Date: 2007-09-20 03:22 am (UTC)
From: [identity profile] tadiera.livejournal.com
At my job, that person would be laughed off the helpdesk.

Date: 2007-09-20 03:35 am (UTC)
From: [identity profile] ptstech.livejournal.com
Wow. Just wow.

Date: 2007-09-20 05:20 am (UTC)
From: [identity profile] hikari-neko.livejournal.com

"So, what you're telling me is: nothing is wrong. Did you really need to e-mail me about that?"

Date: 2007-09-20 06:06 am (UTC)
jecook: (Default)
From: [personal profile] jecook
"Sir, we don't route martians because the rest of the internet would laugh their asses off at you.

Date: 2007-09-20 06:19 am (UTC)
From: [identity profile] ravan.livejournal.com
Bwahahahaha!! Oh, my!! That is too funny... and dumb.

Date: 2007-09-20 06:34 am (UTC)
From: [identity profile] superbus.livejournal.com
He has an MCSE, doesn't he?

Date: 2007-09-20 07:04 am (UTC)
ext_78: A picture of a plush animal. It looks a bit like a cross between a duck and a platypus. (Default)
From: [identity profile] pne.livejournal.com
He's a Minesweeper Consultant/Solitaire Expert?

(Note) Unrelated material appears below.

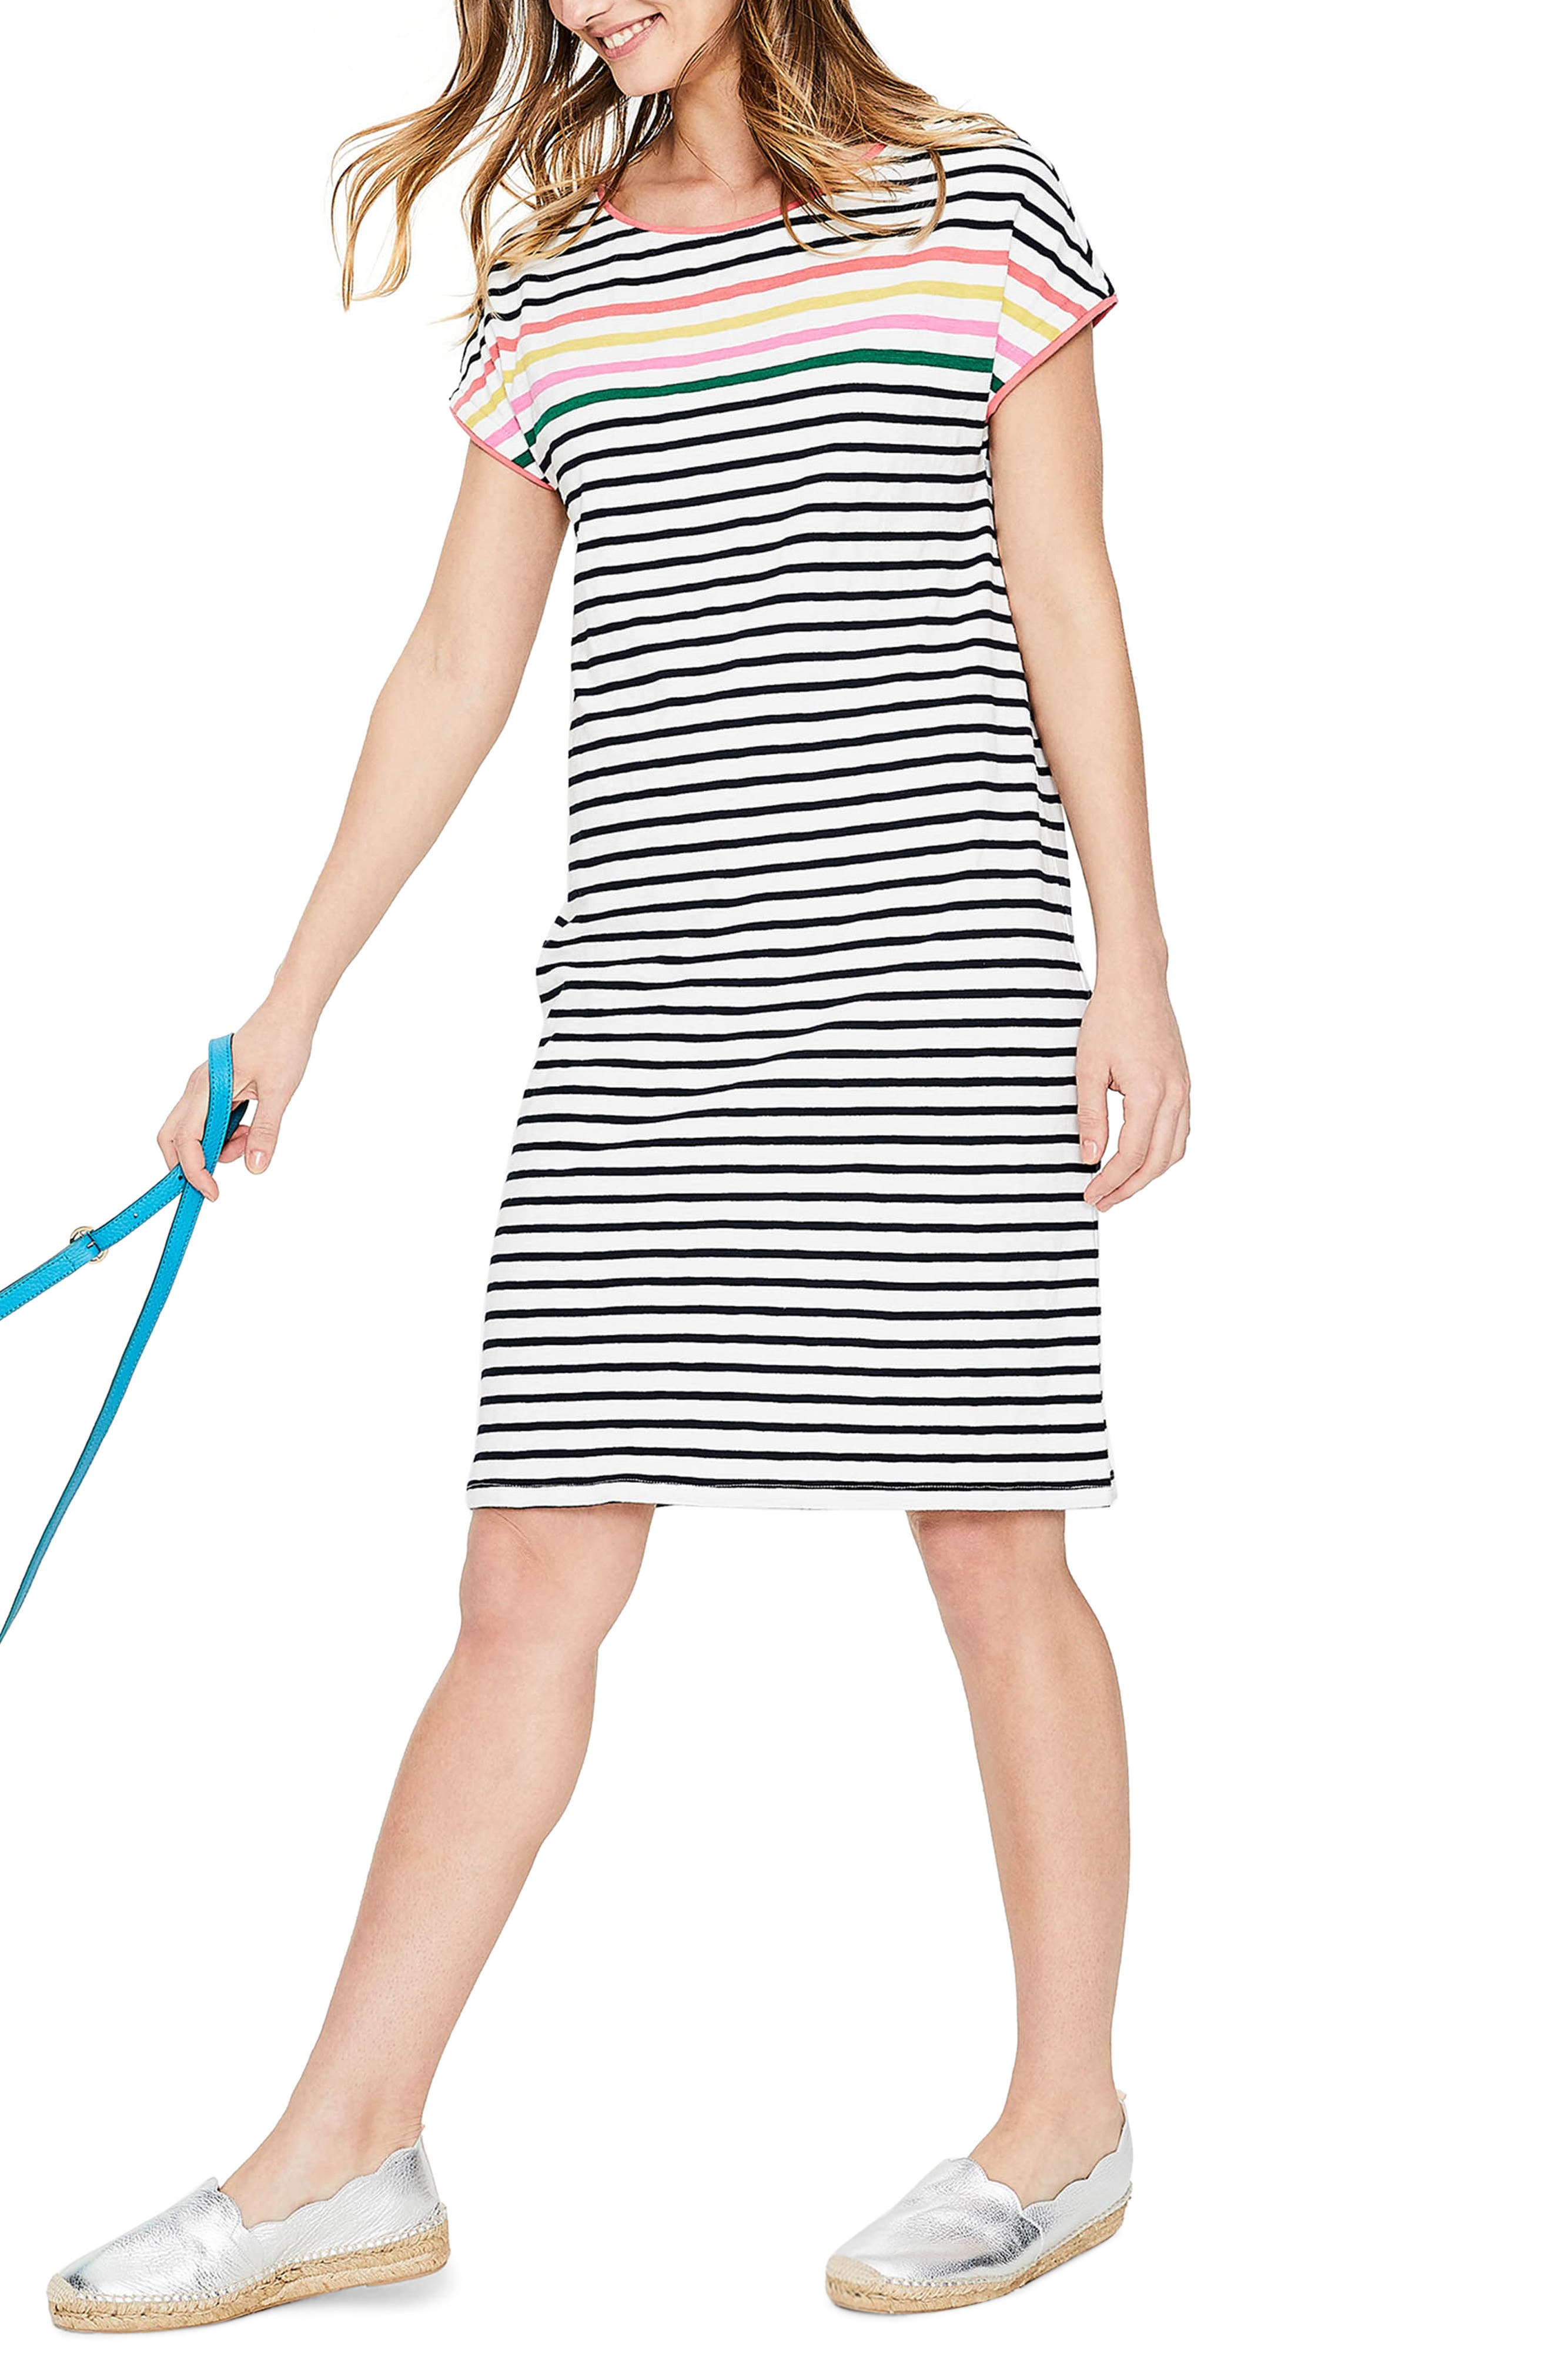 Paulina Stripe T-Shirt Dress,                             Main thumbnail 1, color,                             Rainbow Multi Stripe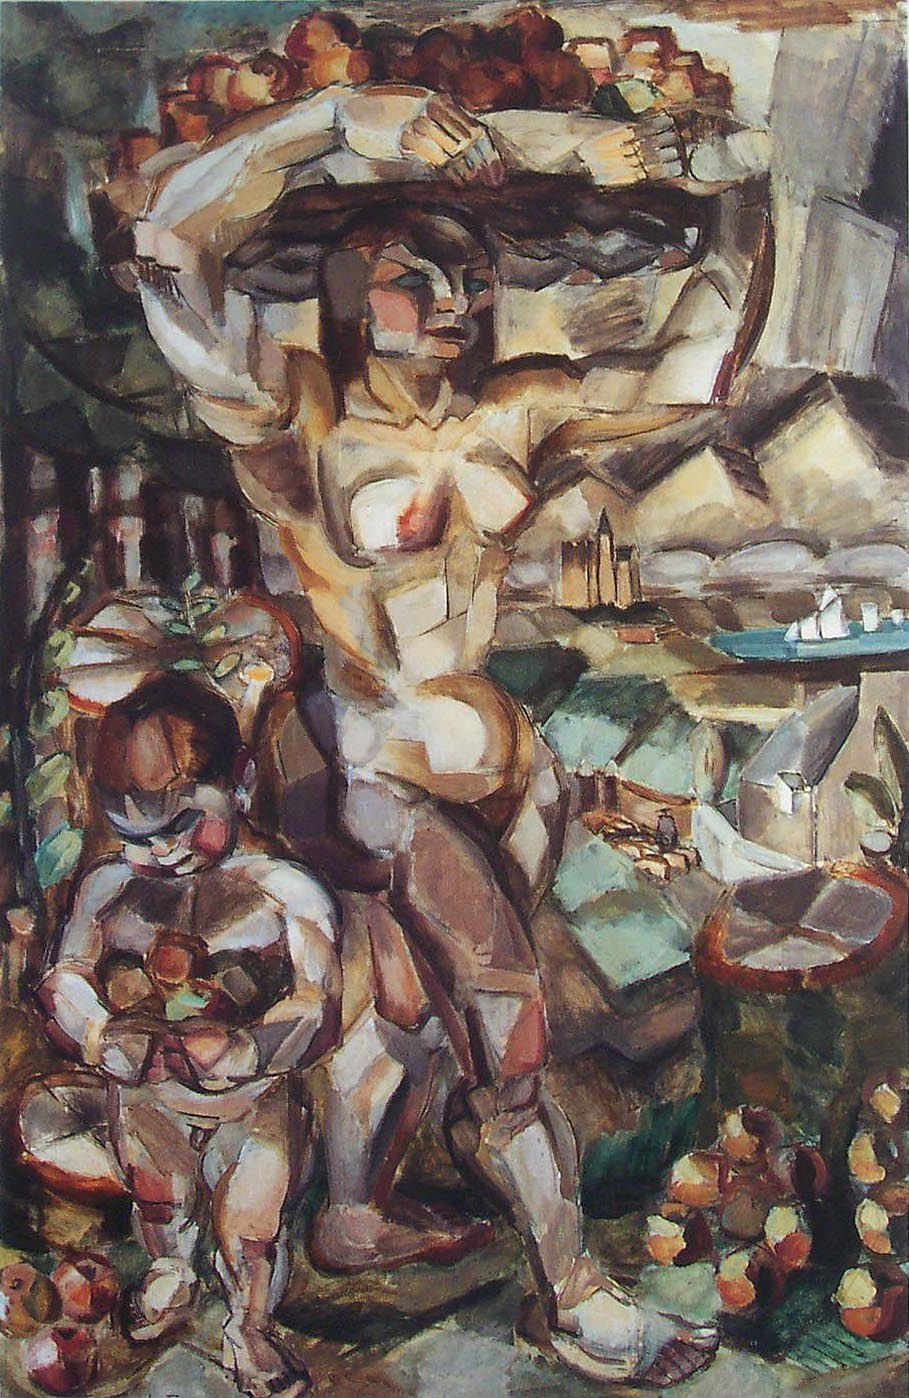 Henri Le Fauconnier, 1910-11, L'Abondance (Abundance), oil on canvas, 191 x 123 cm (75.25 x 48.5 in.), Gemeentemuseum Den Haag

Date: 2007-09-20 09:35 am (UTC)
ext_8716: (Default)
From: [identity profile] trixtah.livejournal.com
"I suggest you call 555-5555. The response you'll get there is directly relevant to the problem you're having. Bye!"

Date: 2007-09-20 09:37 am (UTC)
From: [identity profile] whitewolf3399.livejournal.com
Ahhh so it's not just our customers that do that!

Nice to know we haven't cornered the market on idiots...

Sadly though most of our Tier1 folks wouldn't get that *Sigh*

Date: 2007-09-20 12:28 pm (UTC)
From: [identity profile] mogaribue.livejournal.com
WTF that's Network Engineering 101. Throw a CCNA book at his head.

Date: 2007-09-20 06:22 pm (UTC)
From: [identity profile] kait-the-great.livejournal.com
The institution whose help desk I worked at had IP addresses starting with 129. Talk about an annoying and common typo.

Date: 2007-09-21 07:46 pm (UTC)
From: [identity profile] jarad.livejournal.com
Let him do it. Then you can get his ass fired when the network gets flooded out of existence by all the rogue packets headed there.